§ **Data shown**:
-*-*-

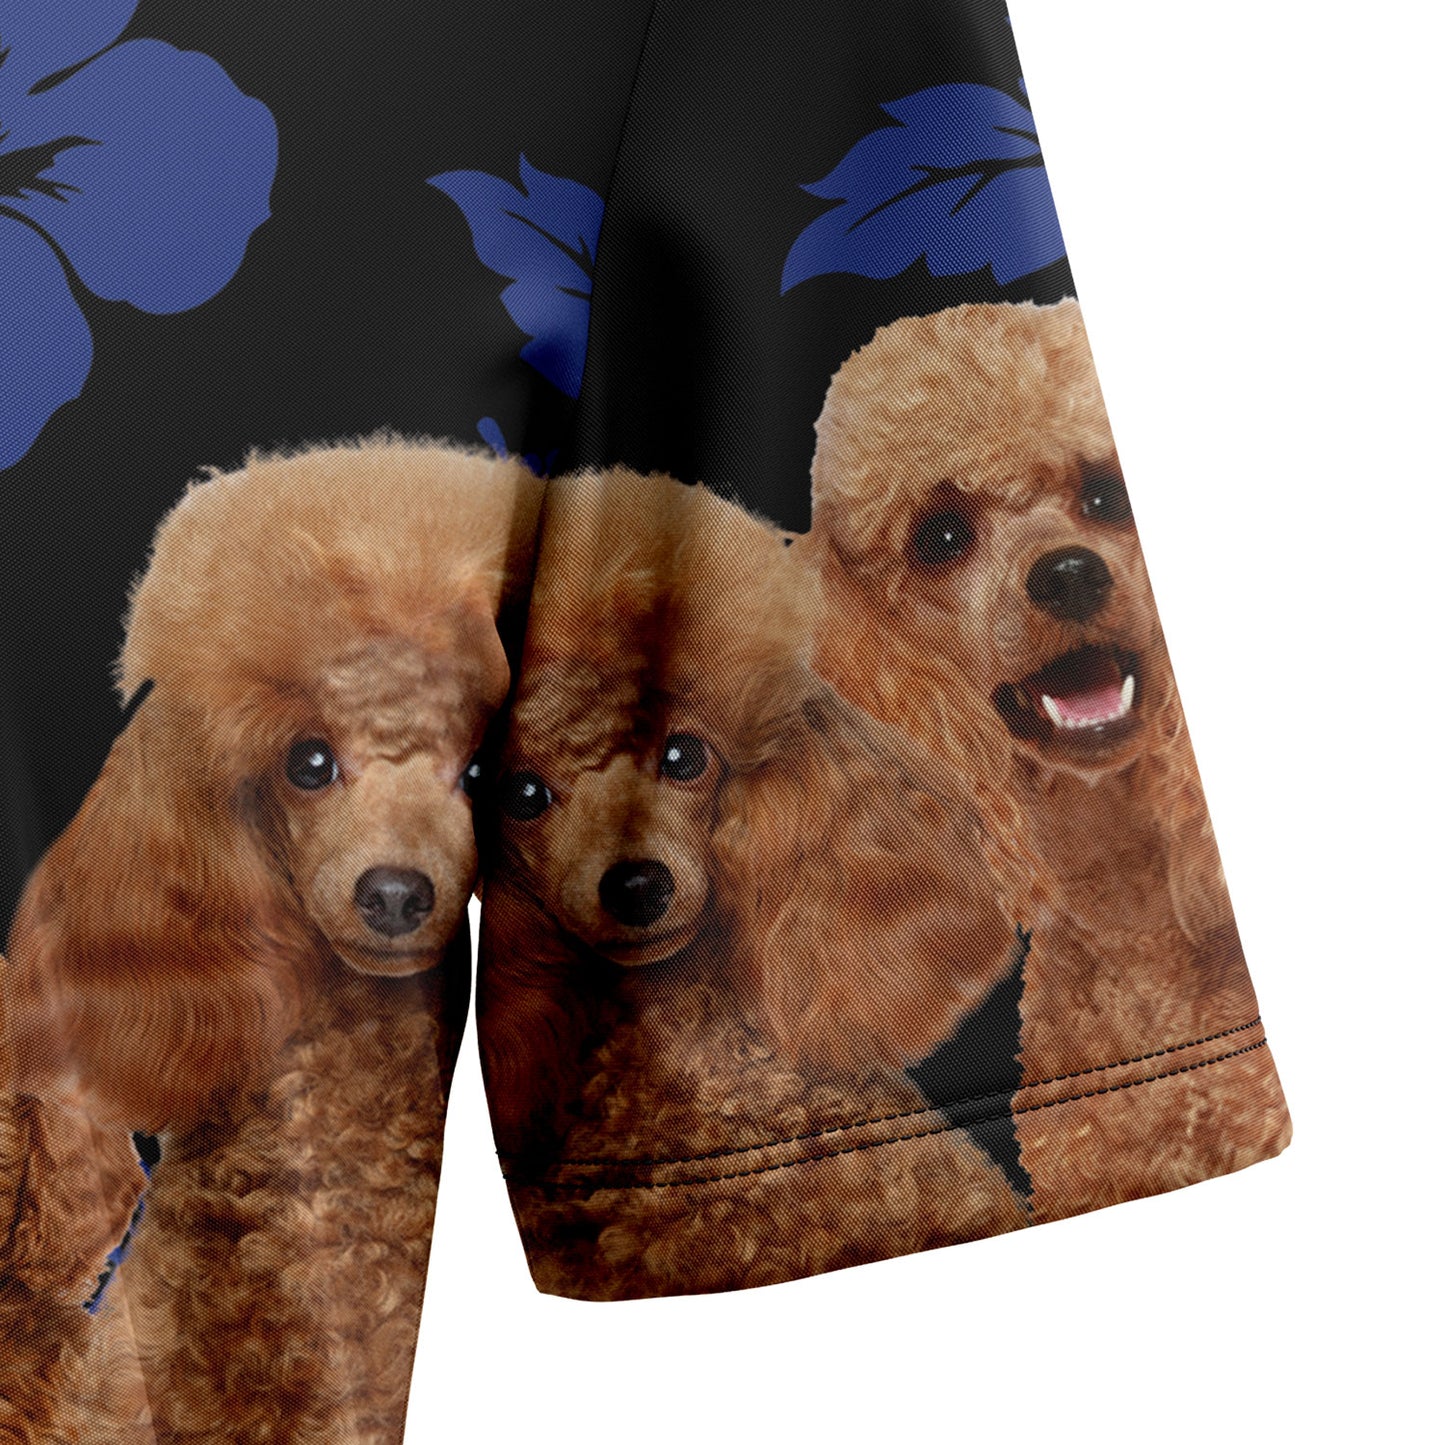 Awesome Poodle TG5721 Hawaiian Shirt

-*-*-

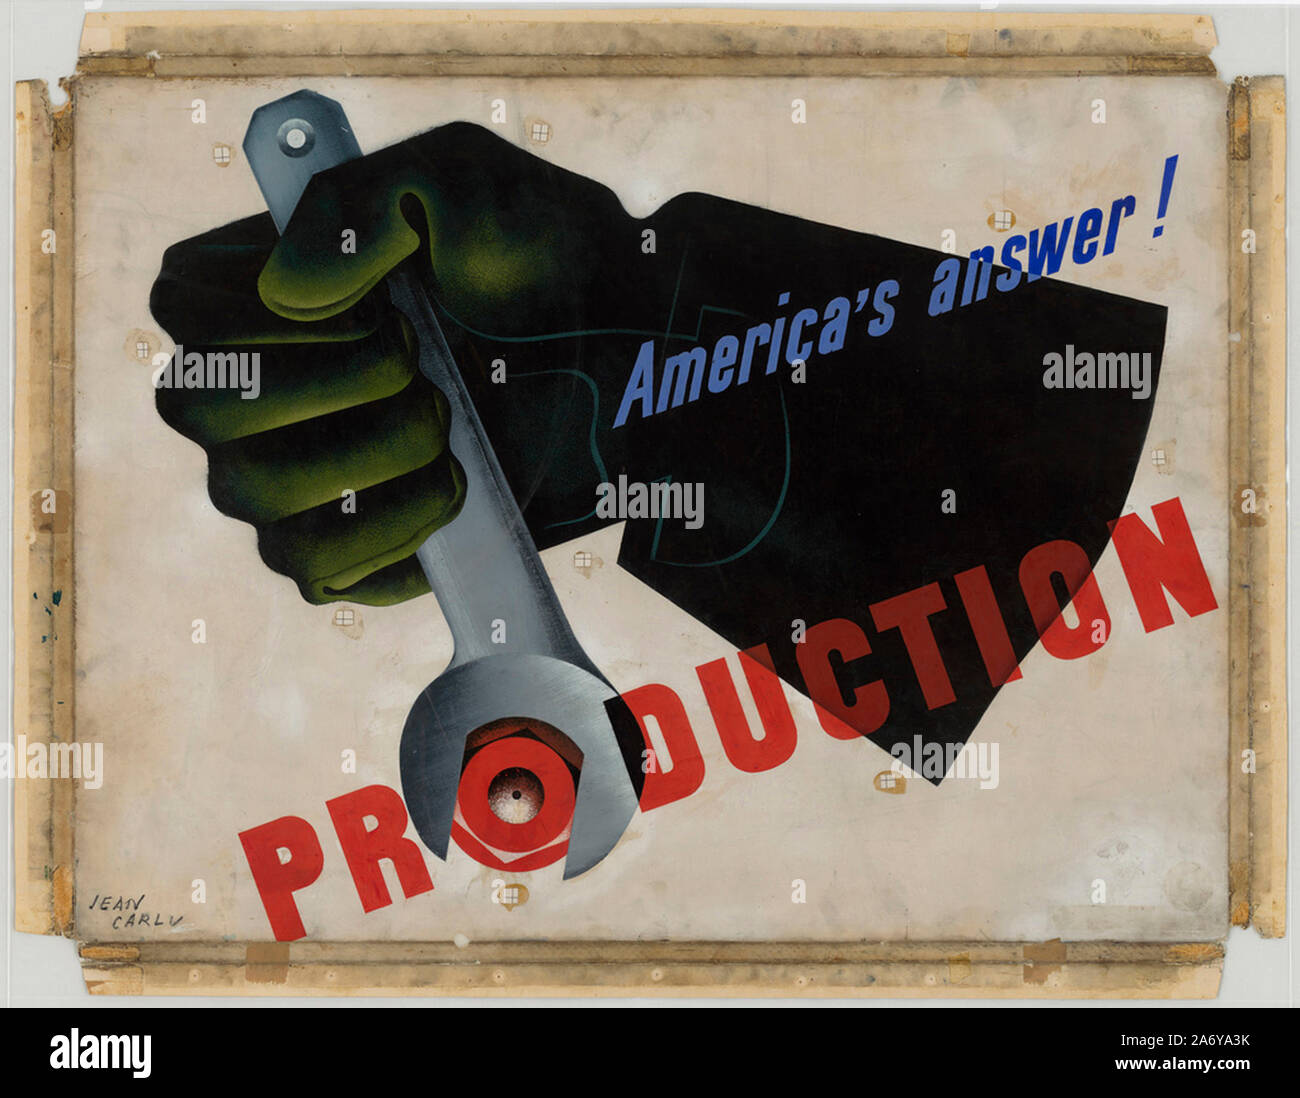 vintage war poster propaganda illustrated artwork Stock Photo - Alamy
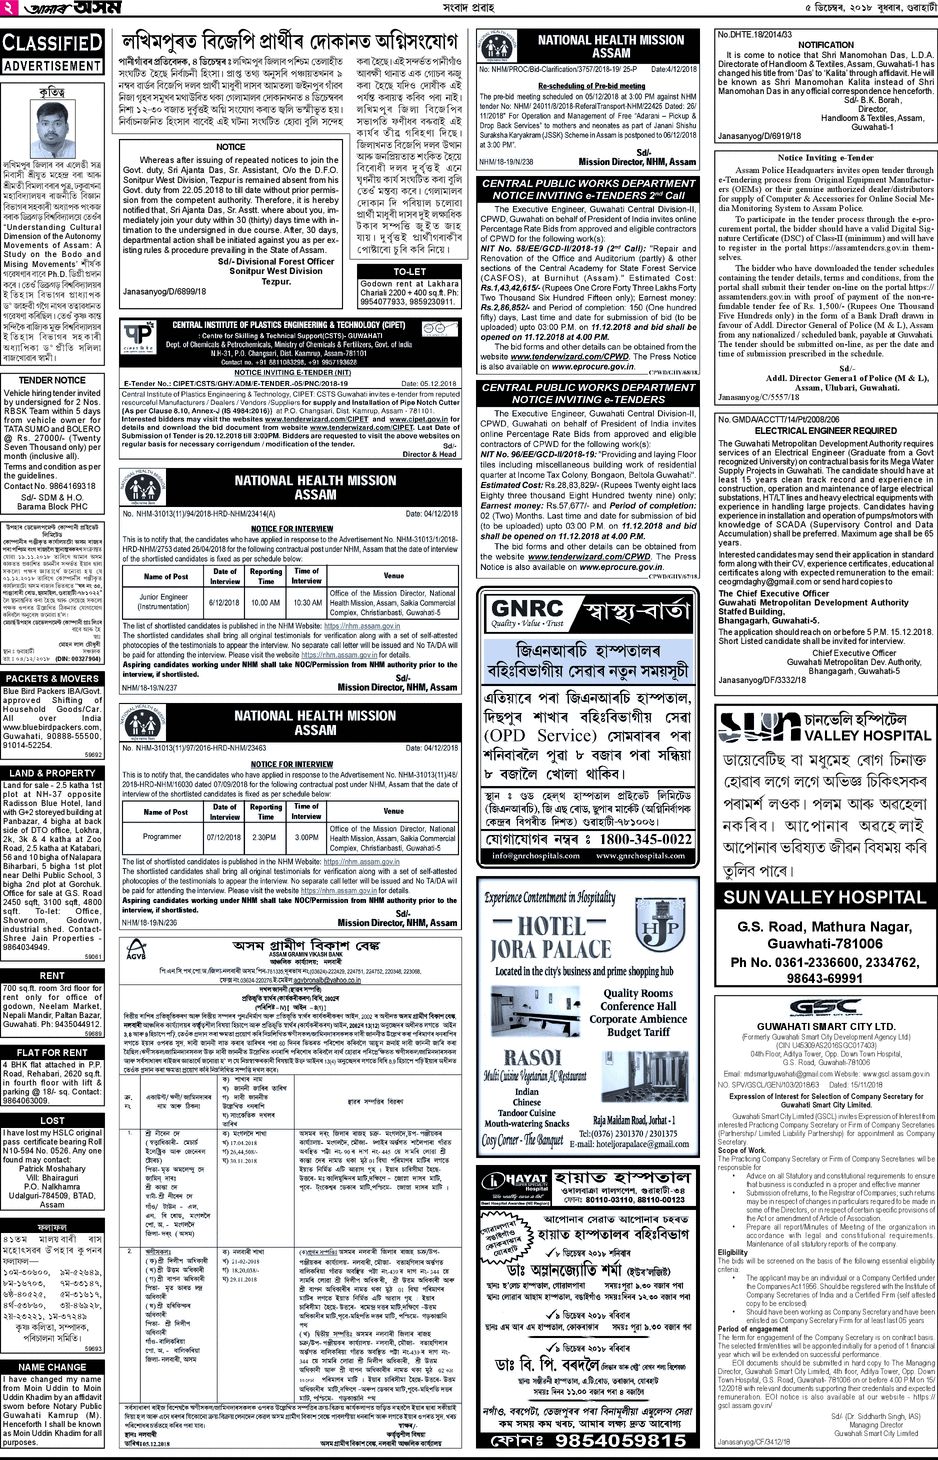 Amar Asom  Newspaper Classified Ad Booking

-*-*-

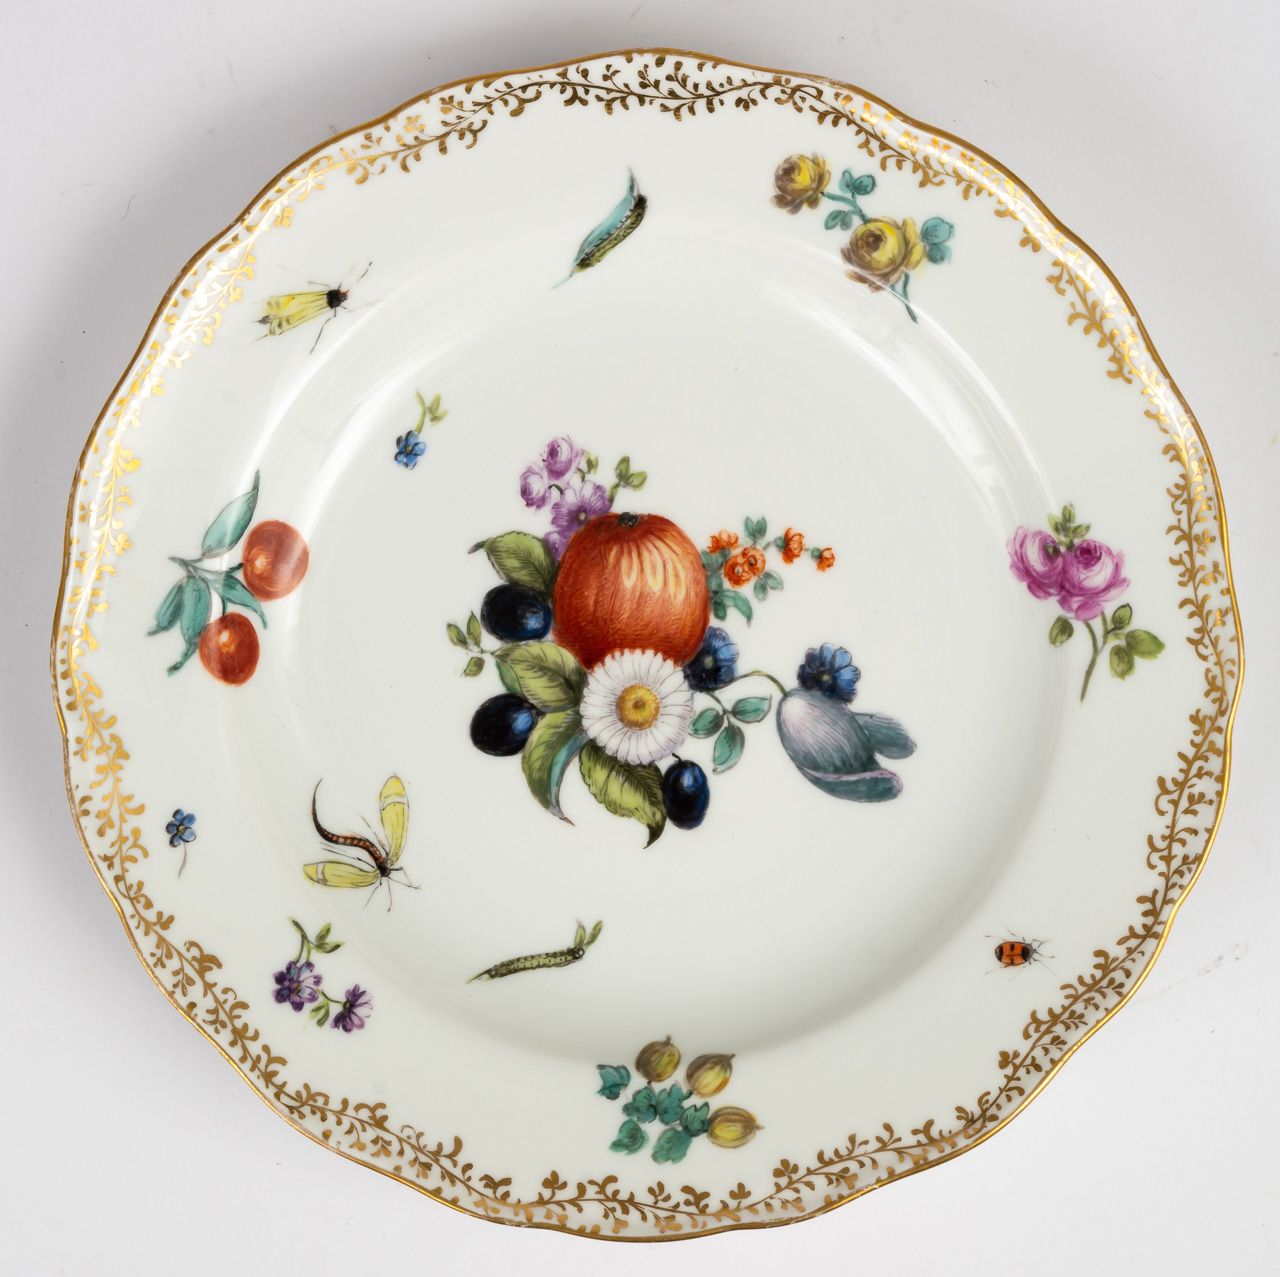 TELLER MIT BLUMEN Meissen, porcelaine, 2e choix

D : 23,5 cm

-*-*-

§ **Goal of the exercise**: Word for word, retype the lines in the entries above that run from the one with "TELLER MIT BLUMEN" through the one with "D : 23,5 cm". Both ends count; pictures do not.

§ **Answer for this exercise**:
 TELLER MIT BLUMEN Meissen, porcelaine, 2e choix

D : 23,5 cm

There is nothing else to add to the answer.